*The data*:
•••••
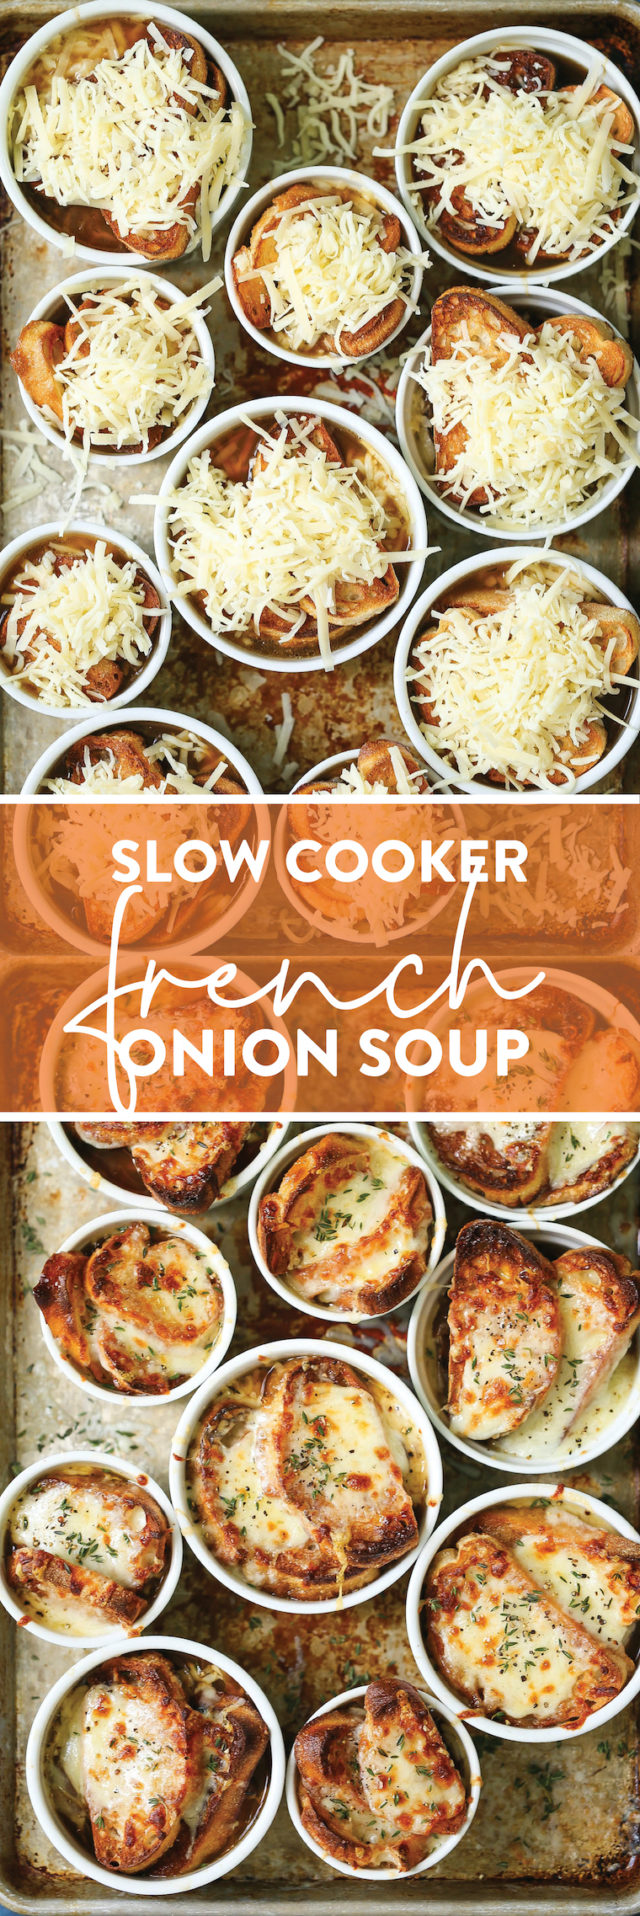 Slow Cooker French Onion Soup - Damn Delicious
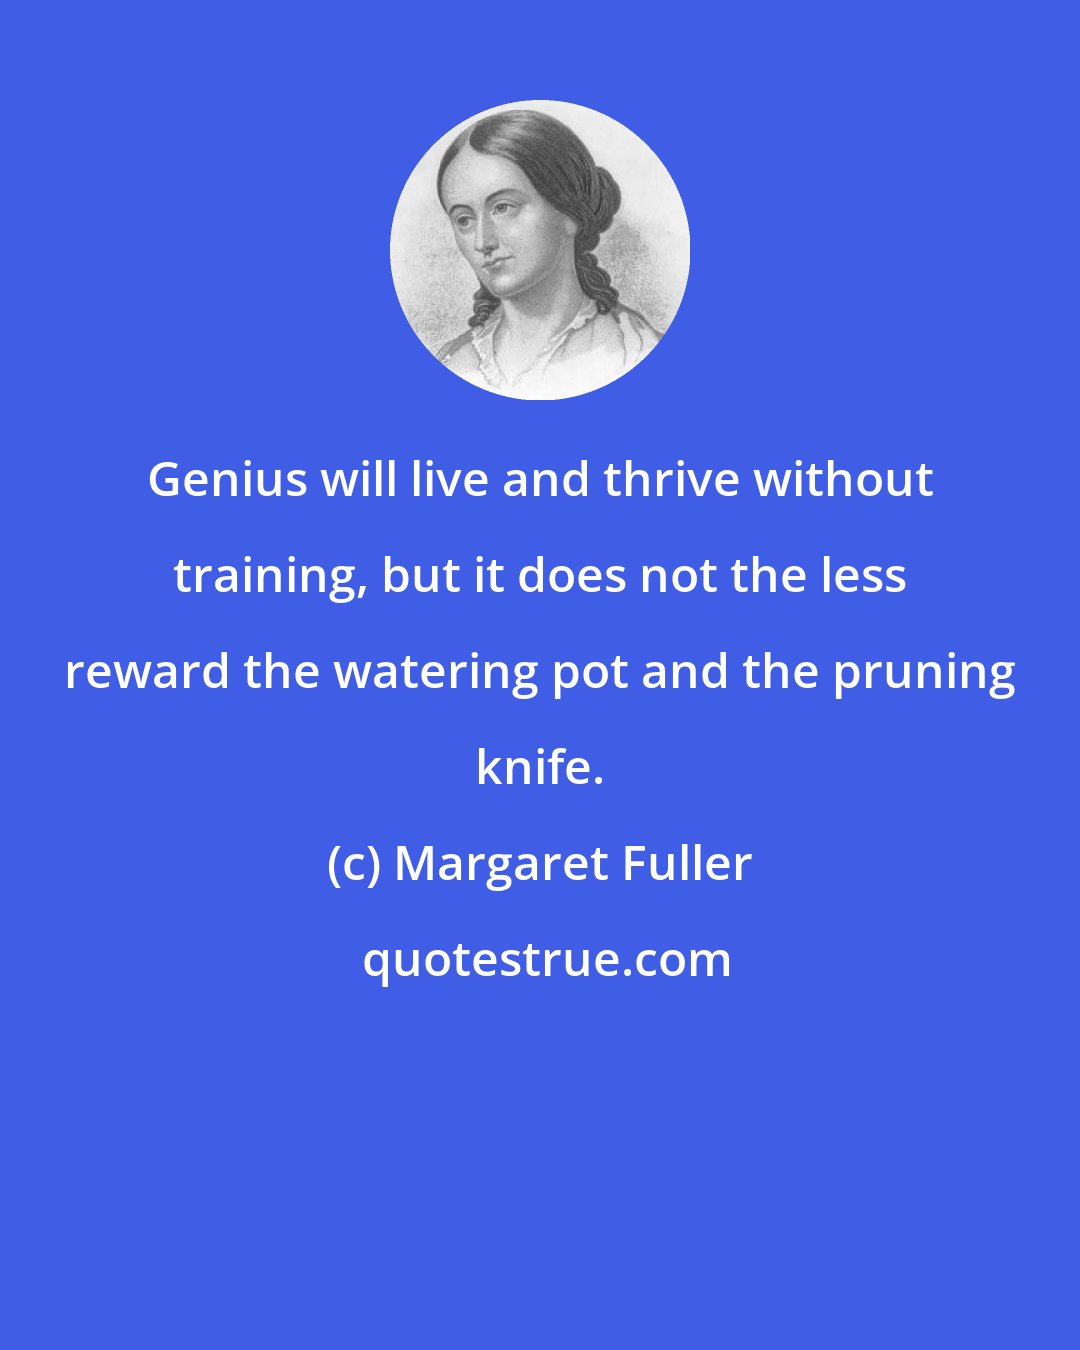 Margaret Fuller: Genius will live and thrive without training, but it does not the less reward the watering pot and the pruning knife.
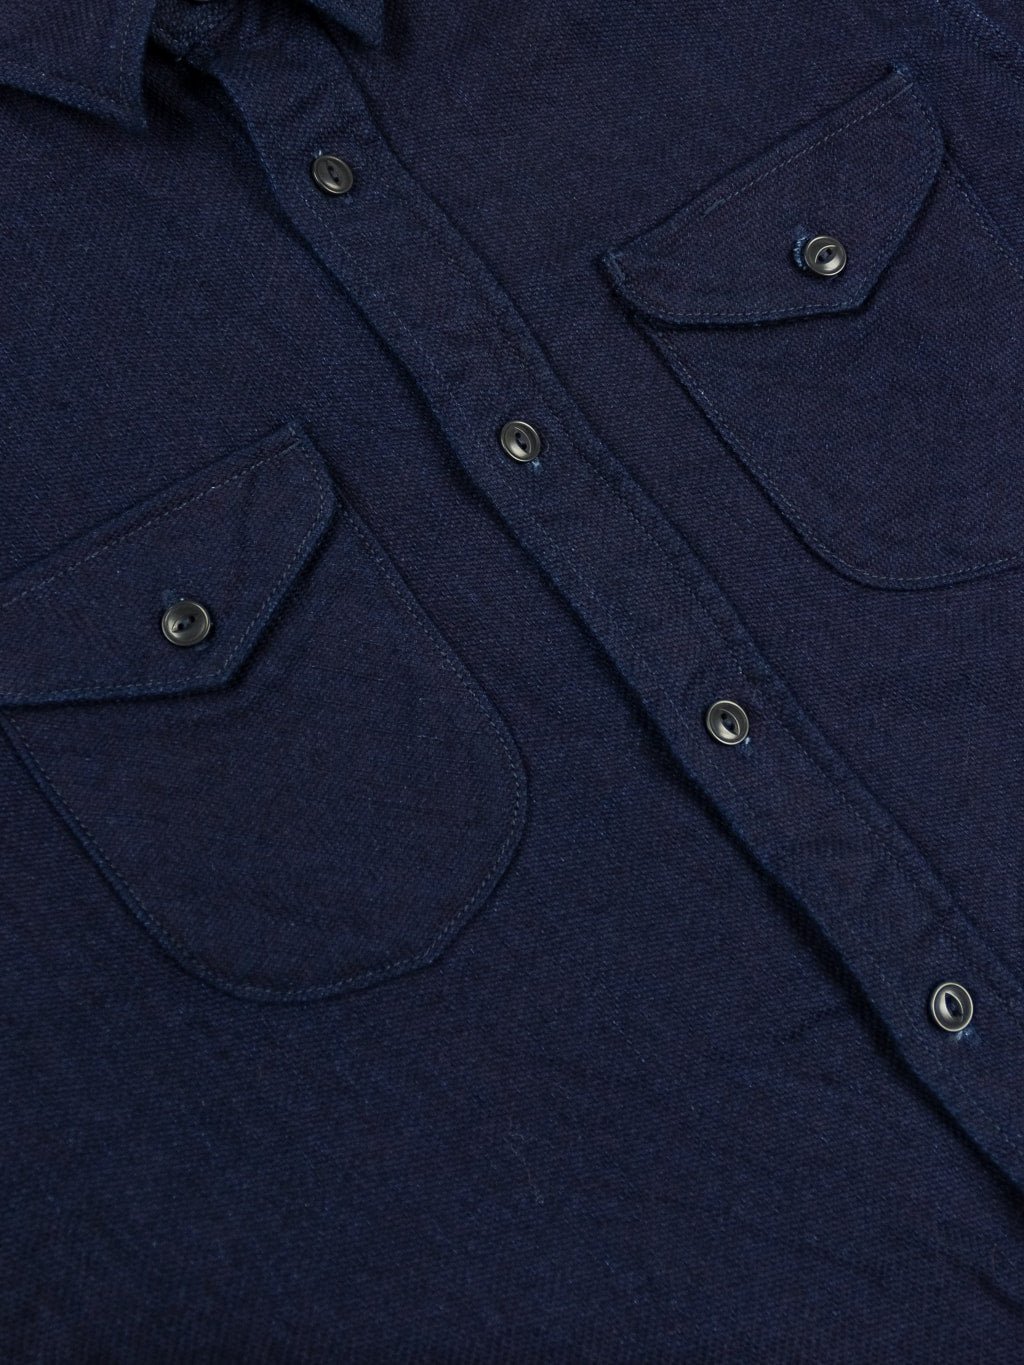 UES Indigo Heavy Selvedge Flannel Shirt palm nut buttons
•••••
*Work task*:
Wherever an image sits in the data, omit it; everything else must be copied exactly.

*Answer section*:
 Slow Cooker French Onion Soup - Damn Delicious
 Margaret Fuller: Genius will live and thrive without training, but it does not the less reward the watering pot and the pruning knife.
 UES Indigo Heavy Selvedge Flannel Shirt palm nut buttons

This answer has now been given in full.